We observe that the results are highly similar.
First, we evaluate the different losses (embedding and topological) for all final embeddings.
n_samples = 250 # number of samples for approximating (expected value of) topological loss
random.seed(42)
print("\033[1mLosses for pca embedding: \033[0m")
print("Reconstruction: " + str(losses_top["embedding"][0])) # PCA initialization gives first embedding loss
print("Orthonormality: " + str(ortho_loss(torch.tensor(W_pca)).item()))
print("Topological: " + str(np.mean([top_loss(torch.tensor(Y_pca).type(torch.float)) for _ in range(n_samples)])
/ np.abs(lambda_top)) + "\n")
print("\033[1mLosses for topologically optimized pca embedding: \033[0m")
print("Reconstruction: " + str(pca_loss(torch.tensor(data - data.mean(axis=0)),
torch.tensor(W_opt), torch.tensor(Y_opt)).item()))
print("Orthonormality: " + str(ortho_loss(torch.tensor(W_opt)).item()))
print("Topological: " + str(np.mean([top_loss(torch.tensor(Y_opt).type(torch.float)) for _ in range(n_samples)])
/ np.abs(lambda_top)) + "\n")
print("\033[1mLosses for topologically regularized pca embedding: \033[0m")
print("Reconstruction: " + str(pca_loss(torch.tensor(data - data.mean(axis=0)),
torch.tensor(W_top), torch.tensor(Y_top)).item()))
print("Orthonormality: " + str(ortho_loss(torch.tensor(W_top)).item()))
print("Topological: " + str(np.mean([top_loss(torch.tensor(Y_top).type(torch.float)) for _ in range(n_samples)])
/ np.abs(lambda_top)))
Losses for pca embedding: Reconstruction: 6.7047271728515625 Orthonormality: 1.831467351571864e-15 Topological: -13.417724609375 Losses for topologically optimized pca embedding: Reconstruction: 7.001532540225682 Orthonormality: 0.004188908729702234 Topological: -50.91328125 Losses for topologically regularized pca embedding: Reconstruction: 6.990493646422851 Orthonormality: 0.004286207724362612 Topological: -49.7297021484375
Finally, we compare if the topologically regularized embedding improves on the ordinary PCA embedding for predicting data point labels.
# Machine learning model to be used for label prediction
Ys = {"pca": Y_pca, "top. opt.": Y_opt, "top. reg.": Y_top}
model = SVC()
scoring = "accuracy"
# Hyperparameters for quantitative evaluation
ntimes = 100
test_frac = 0.1
params = {"C":[0.01, 0.1, 1, 10, 100]}
# Obtain performances over multiple train-test splits
performances = evaluate_embeddings(Ys, t, model, scoring, params=params, stratify=t,
ntimes=ntimes, test_frac=test_frac, random_state=42)
# View resulting performances
pd.concat([pd.DataFrame({"mean":performances.mean(axis=0)}),
pd.DataFrame({"std":performances.std(axis=0)})], axis=1)\
.style.highlight_max(subset="mean", color="lightgreen", axis=0)
mean | std | |
---|---|---|
pca | 0.787778 | 0.070402 |
top. opt. | 0.792963 | 0.072771 |
top. reg. | 0.807037 | 0.071076 |
Persistent homology can now be used to study the topological information from the embedded data within an exploratory data analysis setting.

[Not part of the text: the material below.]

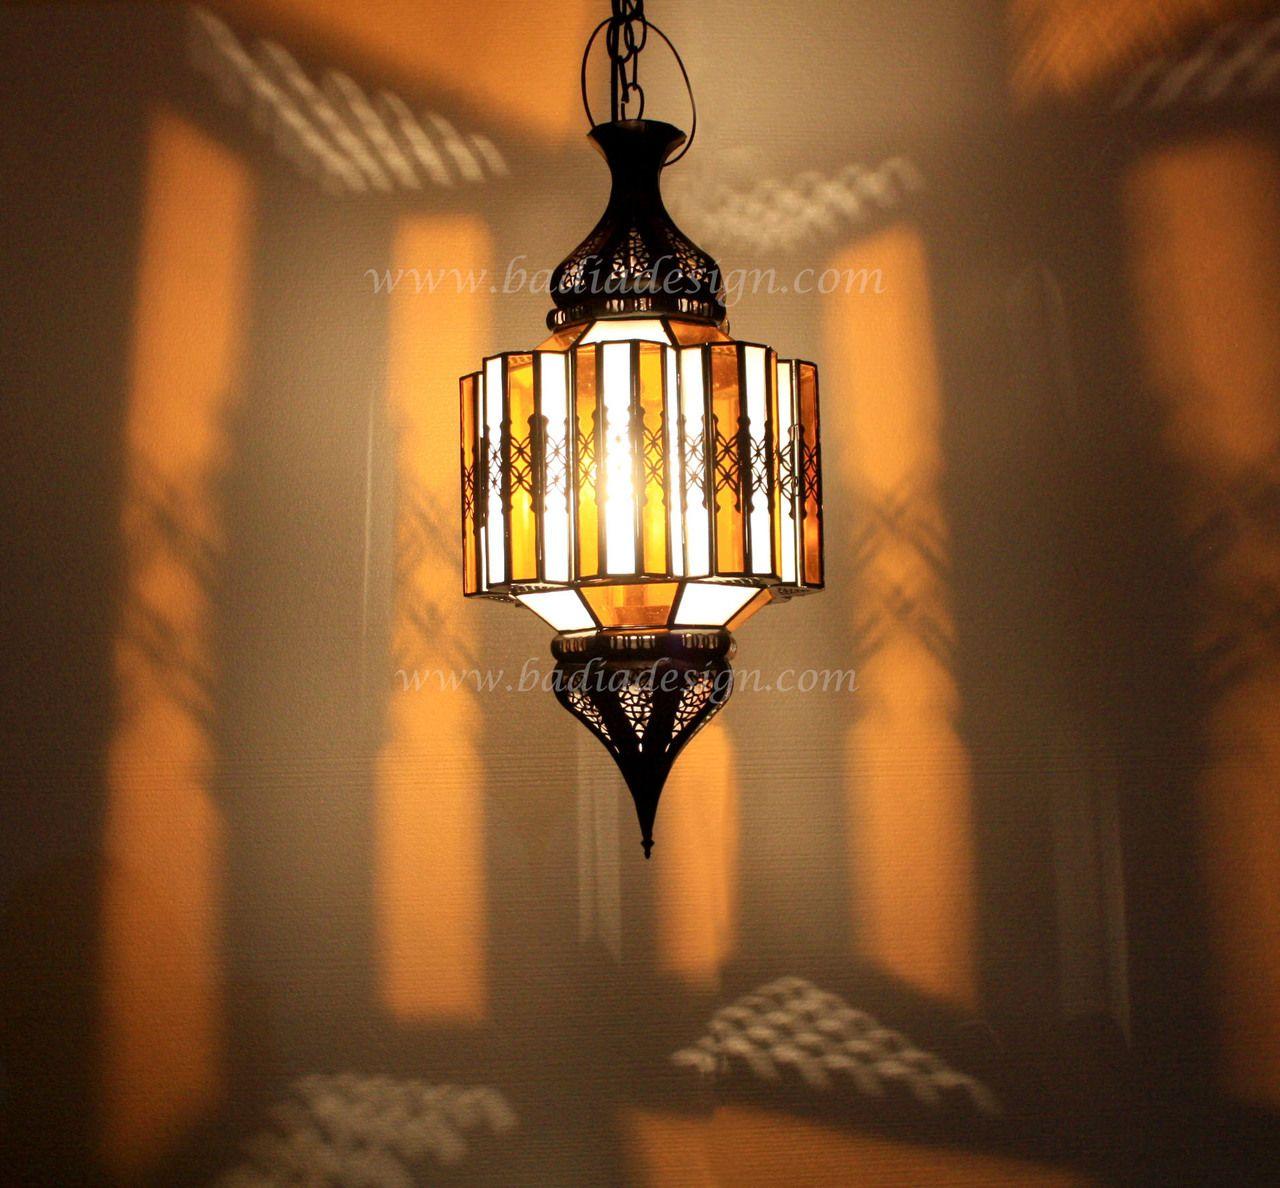 Hanging Glass Lantern - LIG107 & Hanging Glass Lantern - LIG107 | Tent lighting Moroccan and ...

In this case, it allows one to conveniently obtain and study a representation. We will do this for both our ordinary PCA embedding, as well as our topologically regularized embedding.
We first obtain a representative cycle from the alpha-filtration as follows.
# Compute persistent homology and obtain a representative cocycle
simplices = diode.fill_alpha_shapes(Y_pca)
filtration = dionysus.Filtration(simplices)
PH = dionysus.homology_persistence(filtration)
dgms = dionysus.init_diagrams(PH, filtration)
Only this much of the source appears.